Well. it has been almost a month since we last talked.
crazy, eh?
time is a beautiful thing, just too quick to appreciate it. ha!
(yet, it never leaves...hmm)

anyways, i'm going too far in thought.

february has definitely been an interesting month. it was a combination of changes, new revelations, un-noticed love, breakthroughs, new music, patience, ...and more patience.
it's just been a good month, overall. i can't say it was un-eventful.
the discovery of kris vallotton, bill johnson, and derek schneider's sermons have not stopped blowing my mind each time. they are definitely up there, on my top people's list (if i had one...)

they've just been so good. so good. so good.

also, february marked the month revival week chose to step out and into new schools. i'm quite excited for this. new opportunities for the message of hope and love to spread out? FO SHO, my friends.

exciting times, i must say.

on a more personal note, february has definitely taught me (and still is) that patience is one of the most important pieces of love.
i have recently learned that my few bits and pieces of my heart were in my hands, rather than the perfect one, Daddy's. it was like, feelings i held in for certain people were only to be touched by me, and me only.
what i didn't know, is that those pieces were the very ones God's been poking me to give him.
because, you see, those are the pieces of my heart he''s looking to perfect. to polish up. to clean up and prepare for that one person i'm waiting for.
and if they're not in his hands, there is no way he can take care of me, fully.

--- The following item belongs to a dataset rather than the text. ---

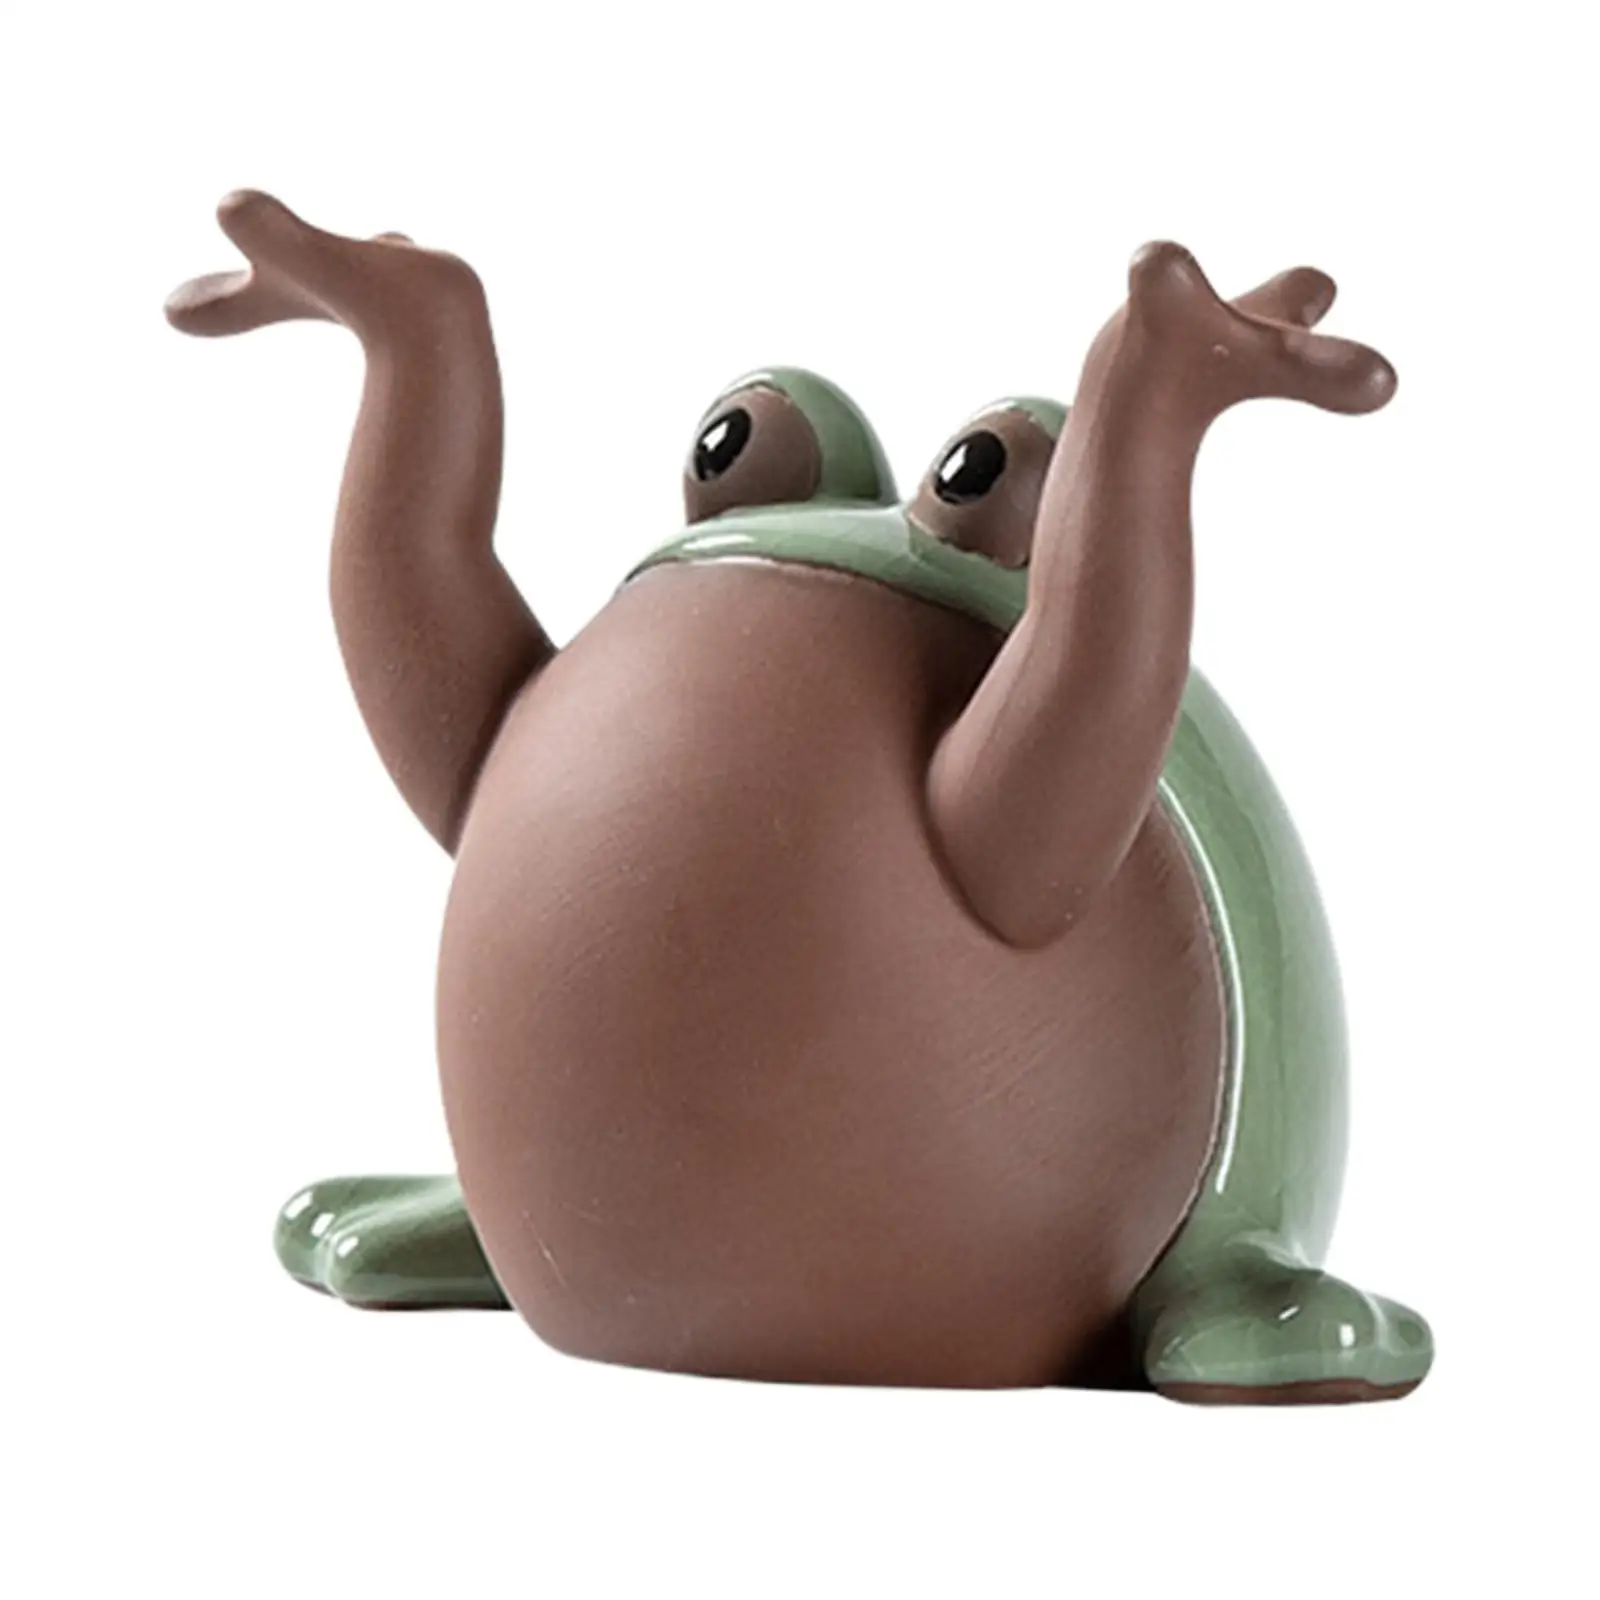 Tea Pet for Kungfu Tea Figurine Collection Ornament Frog Statue Sculpture for Tea Room Living Room Bedroom Table Centerpiece

i've given those pieces to him last night.
and yes, i want him to fully engage with me, and my heart. i want him to fully take control of all that is boggling my mind. all the thoughts, memories, dreams, songs that bring me to that place of wonders, i give to him.
it's just...i guess this only makes sense to me, but when you think about a certain person for too long, you get into the 'what ifs' and 'i doubt...' and 'i fear...'. that's when you take control.
and for me, i mess up when in control.
so, i chose to give that area of my life completely to him. to let my Daddy take care of my worries, fears, and doubts...so he can wash those up and replace them with faith, confidence, and patience.

i must say, when you miss someone, it's not easy.
but when you're fully engulfed in God's arms, there is no space for worry anymore.
it's perfect peace.
and whatever promise God's got for me, i will hold on to.
"I've gotcha, love."
he says.

so tonight, it's still march 2. and to say the least, i'm excited for what's to come.
(freshwind, in a month!)

i do love you all. whoever you may be.
leave a comment, or two. i'd love to hear from you.

be strong.
-melody.

ps. iceland makes wonderful music.
Parachutes and Sigur Ros, i recommend.